Q2: This leads to a discussion about the case where two keys are equals but likely have different System.identityHashCode values:

Key k1 = new Key(1); 
Key k2 = new Key(1);

I speculated that it might require traversing all entries in the subtree with the same hash code. Then the interviewer asked whether it means that the worst case time complexity is O(n)? I don't know since I always heard that after Java8, HashMap can have guaranteed worst case O(log n) time complexity.

Q3: The interviewer then questioned how two different keys with the same System.identityHashCode can be inserted into the map given that an RB Tree does not allow duplicate keys:

Key k1 = new Key(1); // same identityHashCode
Key k2 = new Key(2); // same identityHashCode

I remember it being possible for different objects to have the same System.identityHashCode https://stackoverflow.com/a/1063100/10969942, but I'm unclear on how the HashMap manages these insertions without violating the RB Tree's constraints on no duplicate keys, that is handle both hashCode and identityHashCode collision.


Solution

  • Given the following code snippet, what is the time complexity of the map.get(new Key(1)); line, considering Java 8's improvements to HashMap?

    It is O(n).

    I initially answered O(log n), mentioning that Java 8 automatically converts lengthy linked lists in buckets into Red-Black Trees for efficiency.

    Yes. In this case, every key has the same hash code, so there will be only one hash bucket. With enough entries it will be organized as a balanced tree.

    Q1: However, the interviewer then inquired about how comparison is done within the RB Tree when the Key class doesn't implement the Comparable interface.

    As you said, the tree order falls back to identity hashcode when hash codes are equal and the key type does not have a natural order.

    Q2: This leads to a discussion about the case where two keys are equals but likely have different System.identityHashCode values:

    This is indeed a problem for HashMap. If a key to be looked up is the same object as one already in the map, then it will be found in O(log n) steps, but if it isn't then the map still has to be searched for one equals() to it. That will take O(n) steps if such a key is present, and Θ(n) steps if not.

    Then the interviewer asked whether it means that the worst case time complexity is O(n)?

    Yes, it does.

    I don't know since I always heard that after Java8, HashMap can have guaranteed worst case O(log n) time complexity.

    I hope you didn't say that. A good interviewer doesn't expect you to know everything, and people can acquire misinformation in a wide variety of ways. But having led you to the conclusion, they could reasonably expect you to accept it. At minimum to acknowledge that the conclusion seems sound.

    Q3: The interviewer then questioned how two different keys with the same System.identityHashCode can be inserted into the map given that an RB Tree does not allow duplicate keys:

    I guess the supposition here is

    it being possible for different objects to have the same System.identityHashCode

    It is true that Java does not guarantee distinct identity hash codes, but it does specify:

    As far as is reasonably practical, the hashCode method defined by class Object returns distinct integers for distinct objects.

    (Object's implementation of hashCode() is, of course, the identity hash code.)

    I'm unclear on how the HashMap manages these insertions without violating the RB Tree's constraints on no duplicate keys, that is handle both hashCode and identityHashCode collision.

    I don't know off the top of my head, and a quick doc check did not turn up an answer.
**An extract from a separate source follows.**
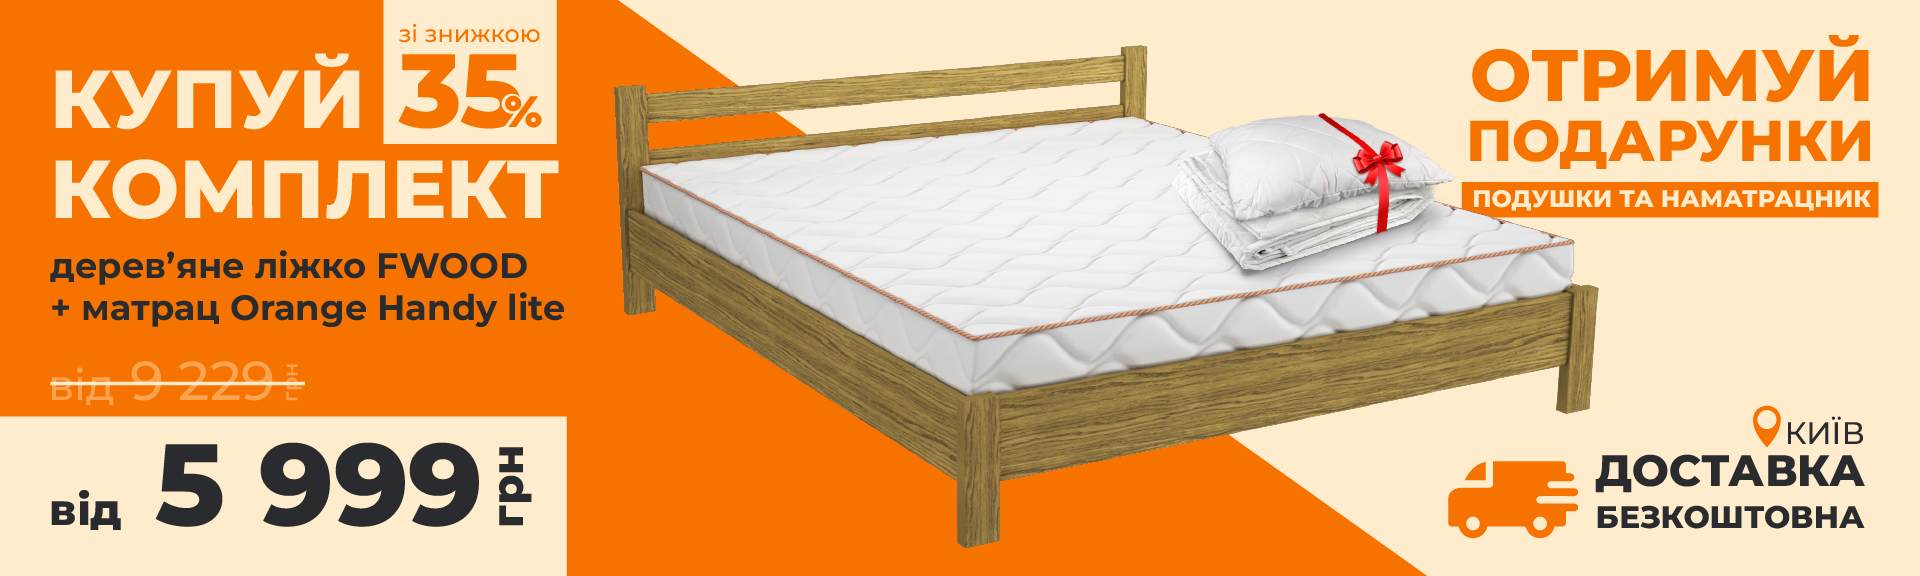 Акция 35% на Комплект кровать деревянная FWOOD и матрас Orange Handy Lite

But assuming that HashMap does handle that case, I expect it does so with a linked list in each tree node, or similar. This does not present the same issue here that using a linked list did at the bucket level, because the standard library implementation can be relied upon to provide reasonably good identity hash codes (see above).

    Even if that's not what HashMap actually does, I suspect that the interviewer would have been satisfied with it. Again, they don't expect you to know everything, but they likely are looking for people who are prepared to think.